Needed from the data below: every line from the one with "cetty messina ph" up to and including the one with "RAW SHORT SLEEVE", repeated exactly and with nothing else.

#### THE RECORDS ####

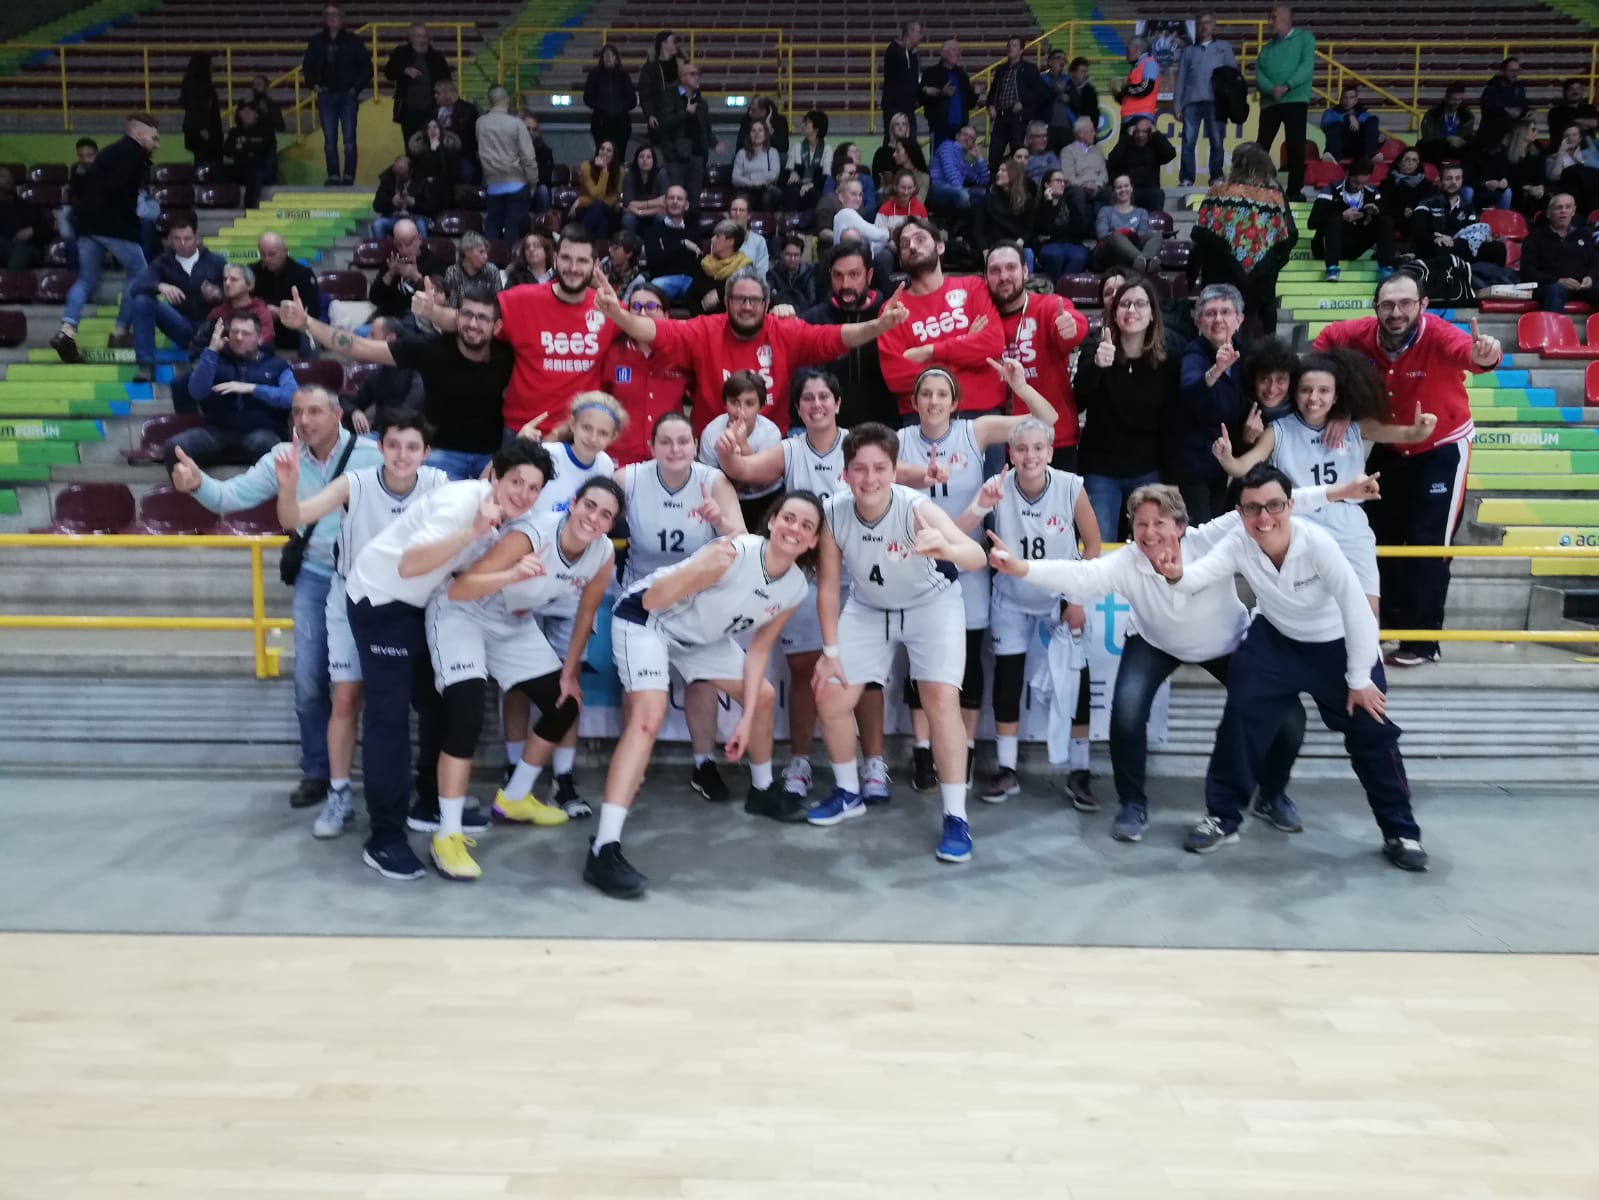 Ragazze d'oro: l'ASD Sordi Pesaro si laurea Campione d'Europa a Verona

####
#### THE RECORDS ####

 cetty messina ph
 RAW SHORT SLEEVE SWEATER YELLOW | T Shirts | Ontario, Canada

####
#### THE RECORDS ####

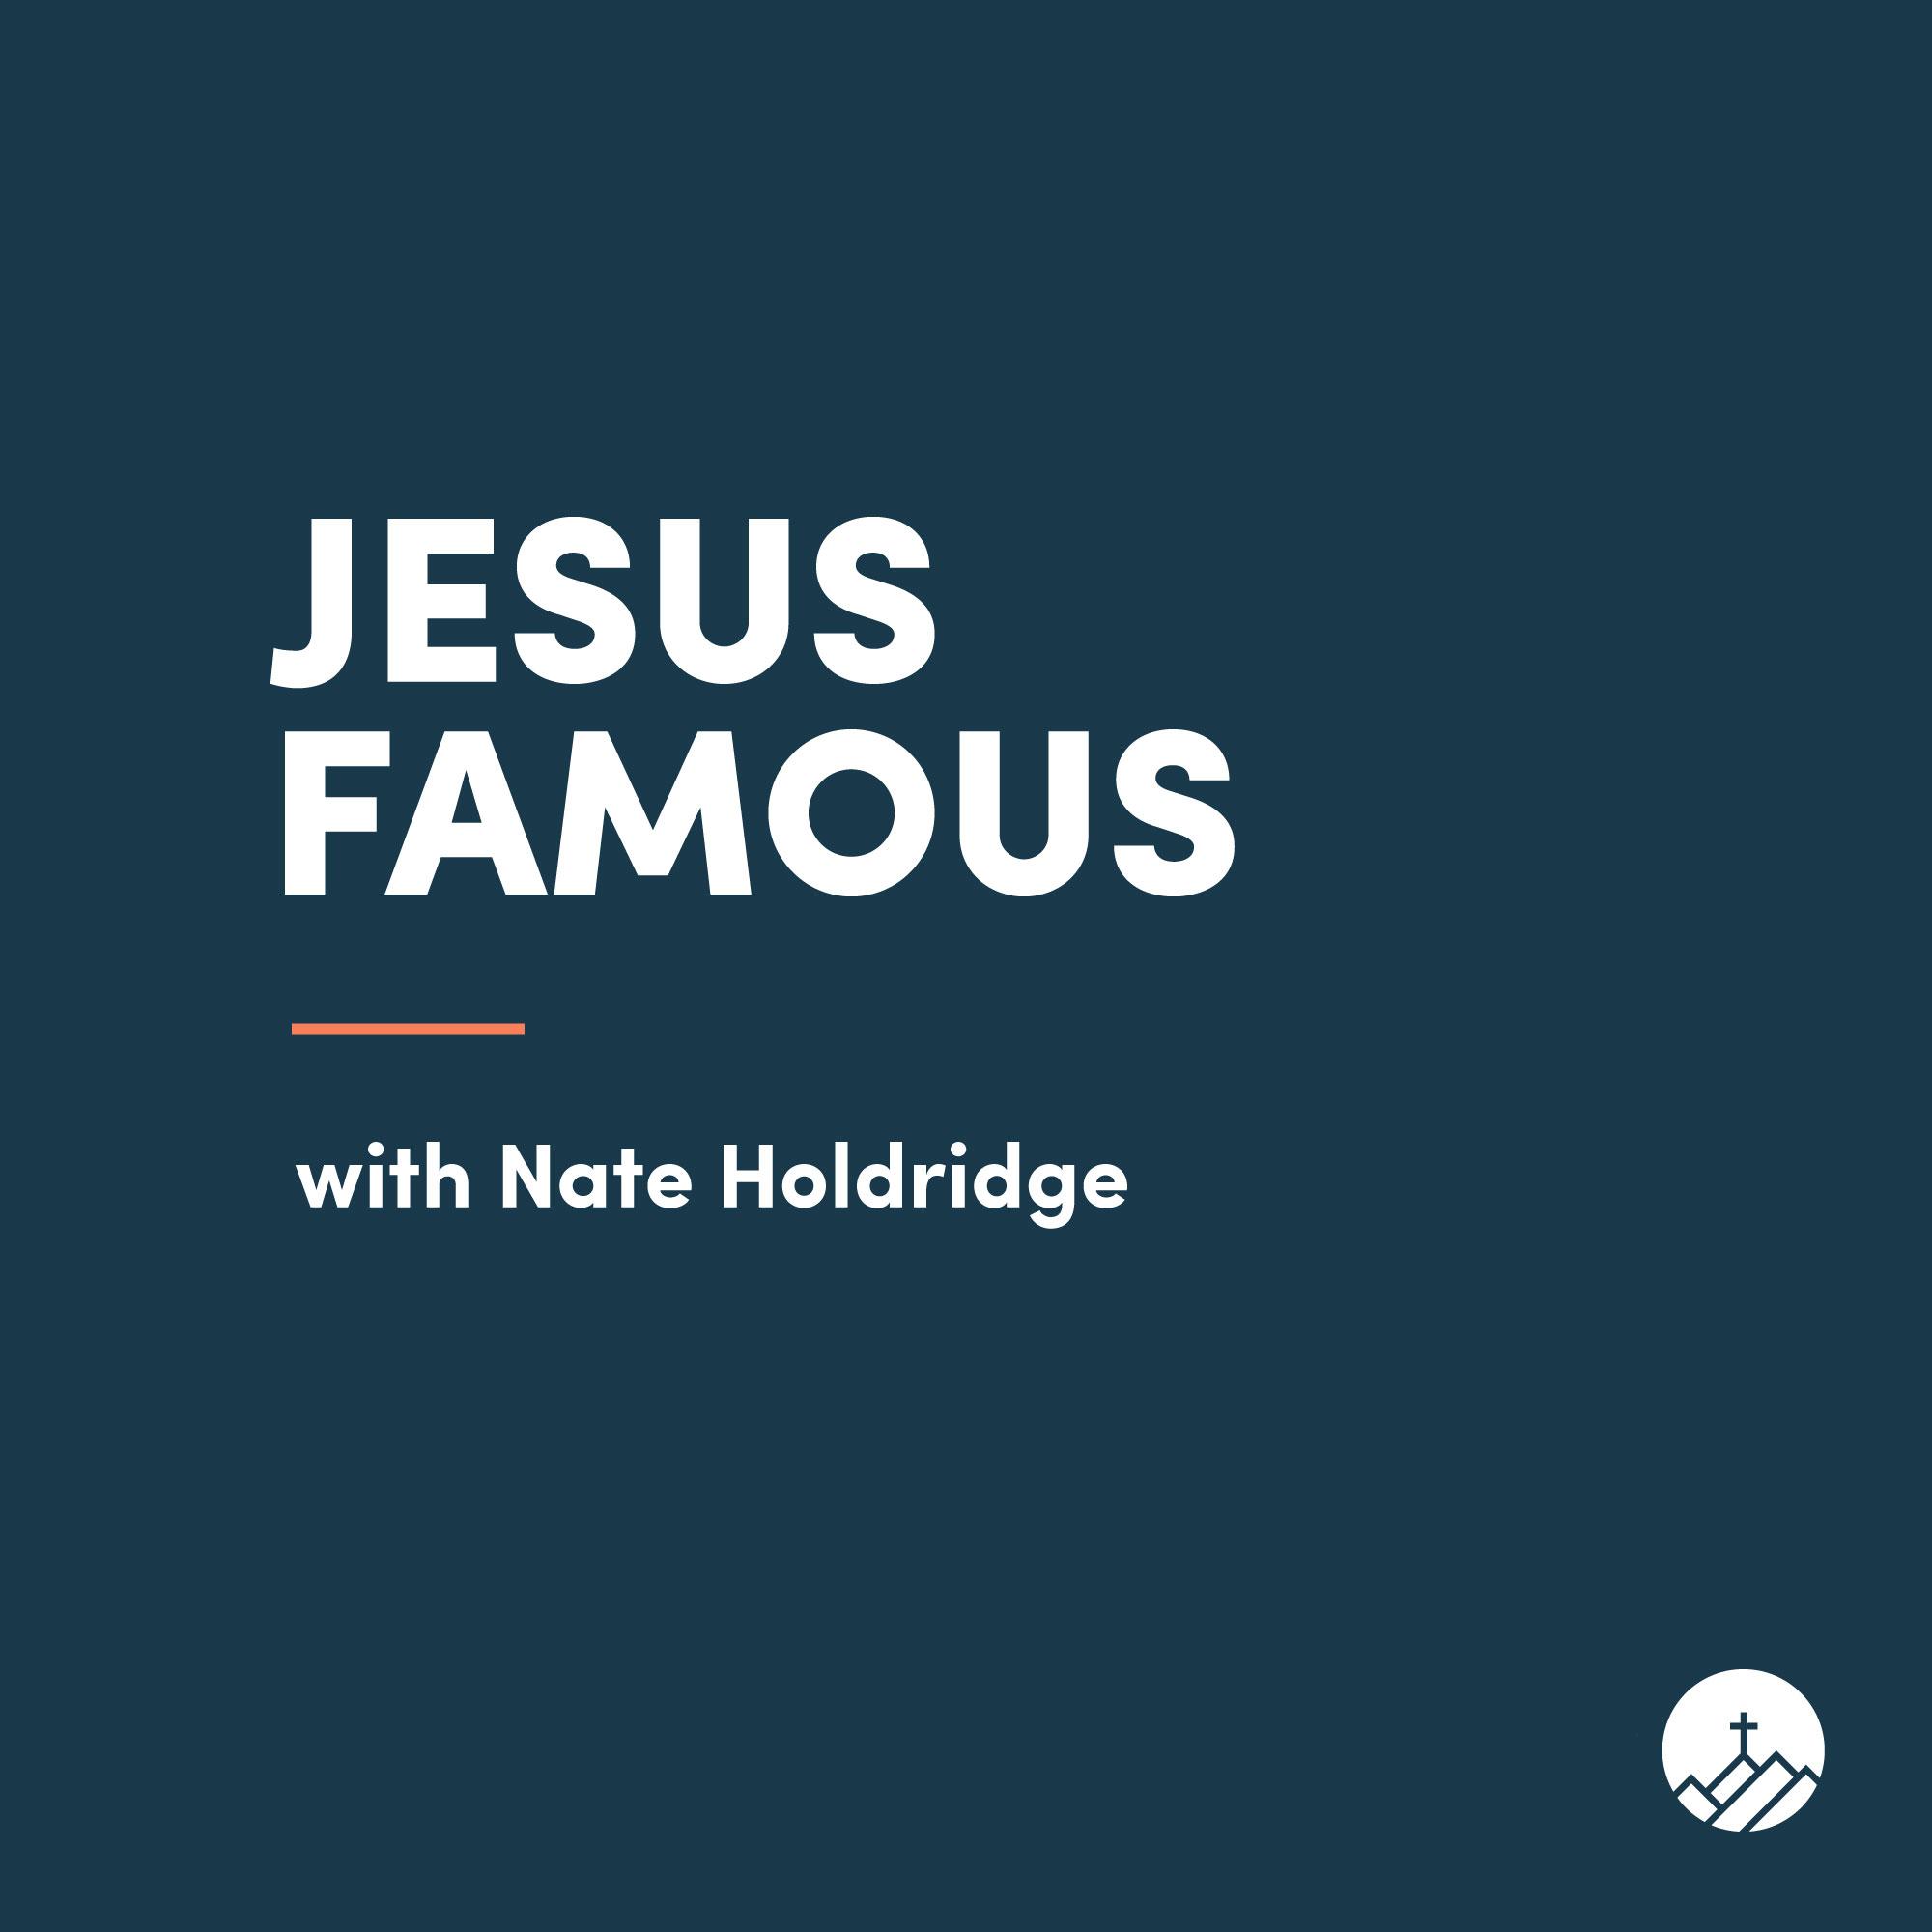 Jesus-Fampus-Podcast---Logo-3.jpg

####

SOLVED EXERCISE =
 cetty messina ph
 RAW SHORT SLEEVE SWEATER YELLOW | T Shirts | Ontario, Canada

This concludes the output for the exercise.